Comment 8 Don Zickus 2016-05-26 16:36:52 UTC
Hi,

Please test the following rpms to see if your issue has been resolved.  This is a rebase due to the large request of other features.  If this rebase causes issues with your usage, please let us know so we can futher evaluate how we want to distribute requested features by other customers.  The API should be backwards compatible if you have applications linking to the current hwloc-libs.

http://people.redhat.com/dzickus/rhel7/.hwloc_8d5e1809e13/

Cheers,
Don

Comment 9 Orion Poplawski 2016-06-27 15:16:37 UTC
Sorry for the delay.  Looks good to me.

Comment 11 Dimitry Andric 2016-08-16 11:23:50 UTC
Created attachment 1191220 [details]
Minimal patch to fix hwloc 1.7 segfault

FWIW, I have been using this minimized patch to fix the segfaults in hwloc.  This was easier for me deploy, and it has minimal impact, as far as I could determine.

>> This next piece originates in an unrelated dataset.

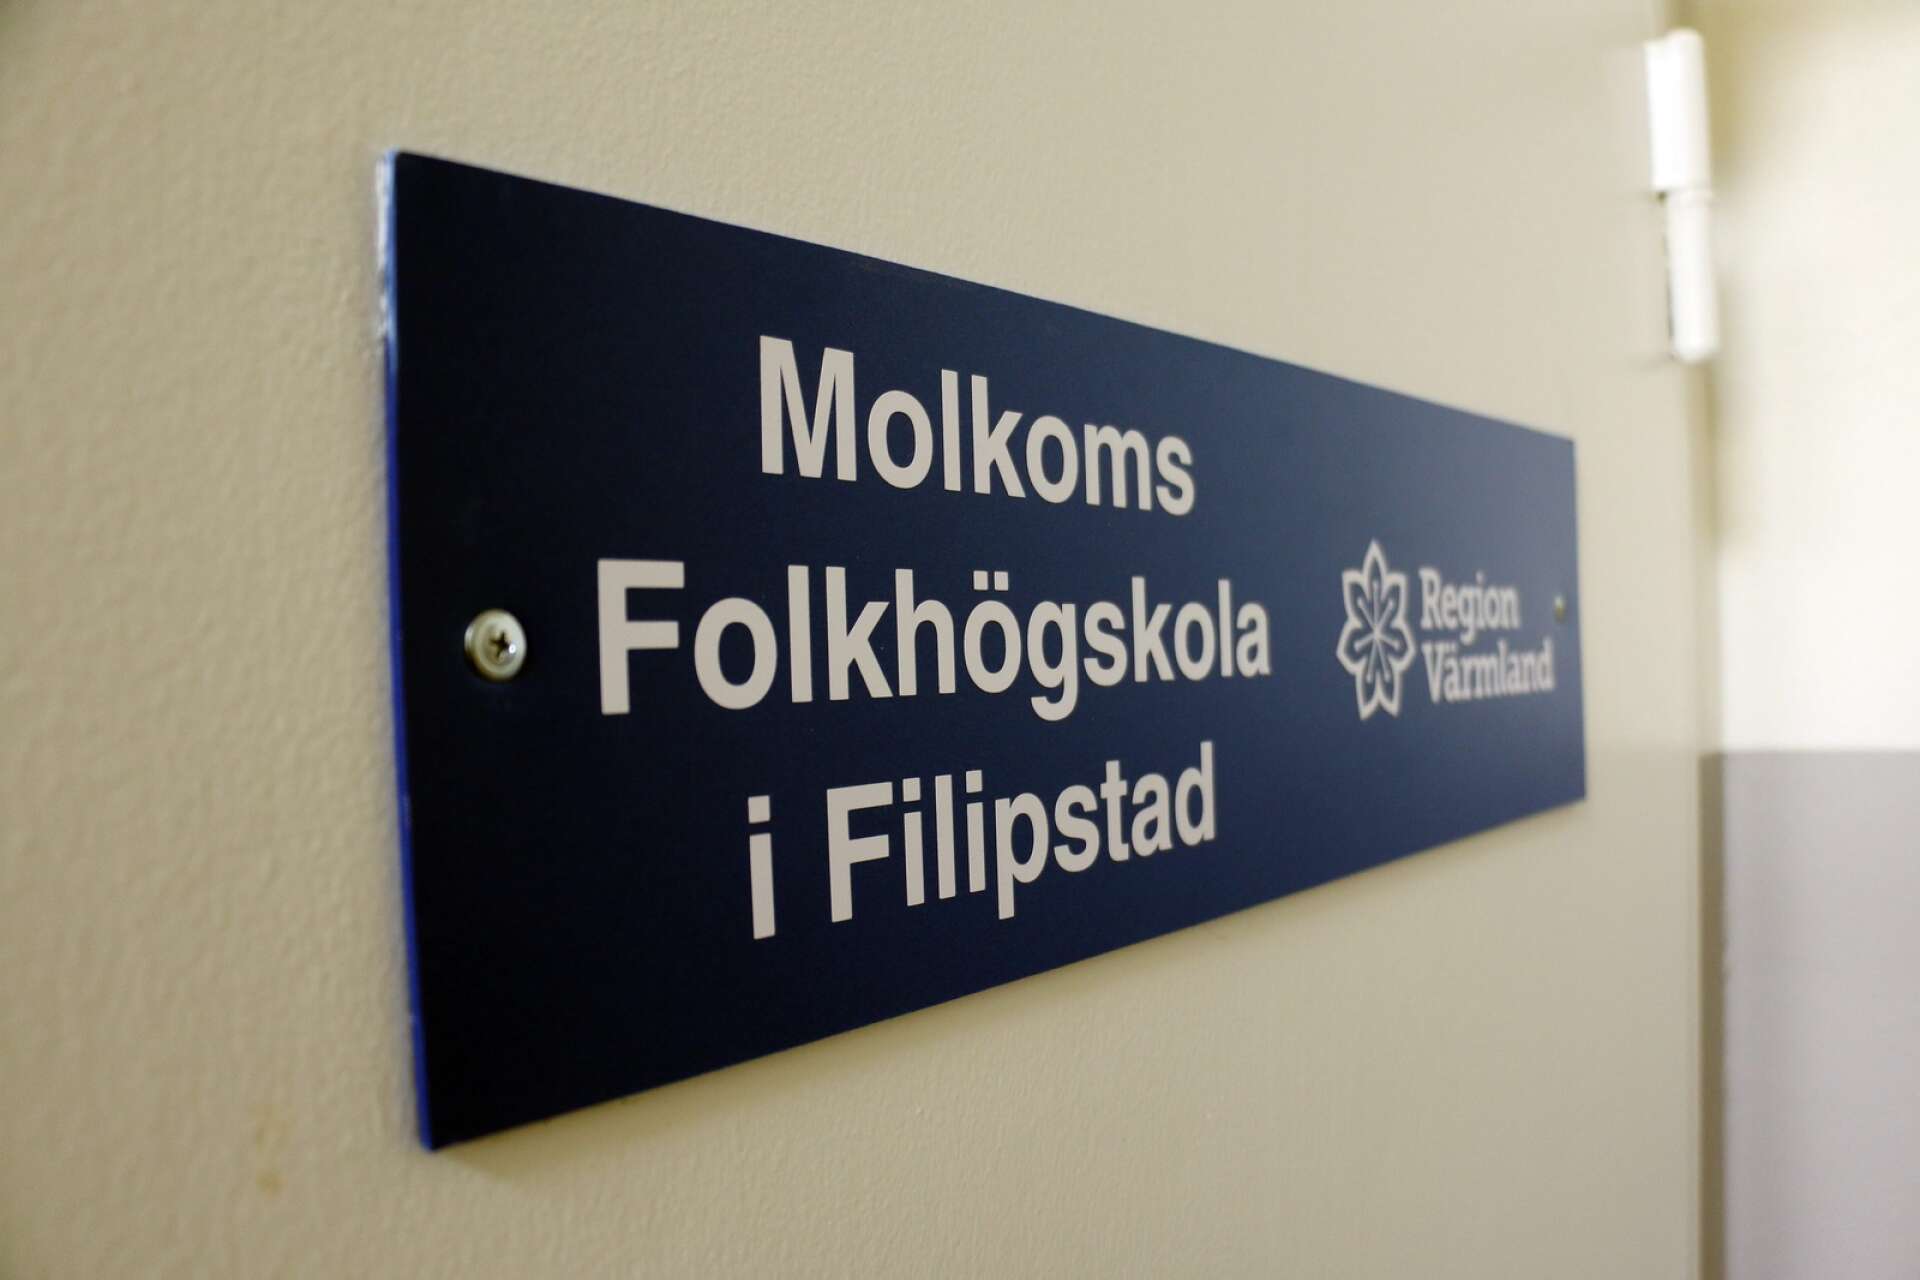 Folkhögskolorna i Molkom, Klarälvdalen och Kristinehamn samarbetar i verksamheten i Filipstad som startade hösten 2019, skriver Elisabeth Kihlström med flera.

Comment 12 Mike Gahagan 2016-09-14 18:11:46 UTC
Confirmed hwloc-1.11.2-1.el7 has fixed this issue.

Comment 14 errata-xmlrpc 2016-11-04 08:12:10 UTC
Since the problem described in this bug report should be
resolved in a recent advisory, it has been closed with a
resolution of ERRATA.

For information on the advisory, and where to find the updated
files, follow the link below.

If the solution does not work for you, open a new bug report.

https://rhn.redhat.com/errata/RHEA-2016-2535.html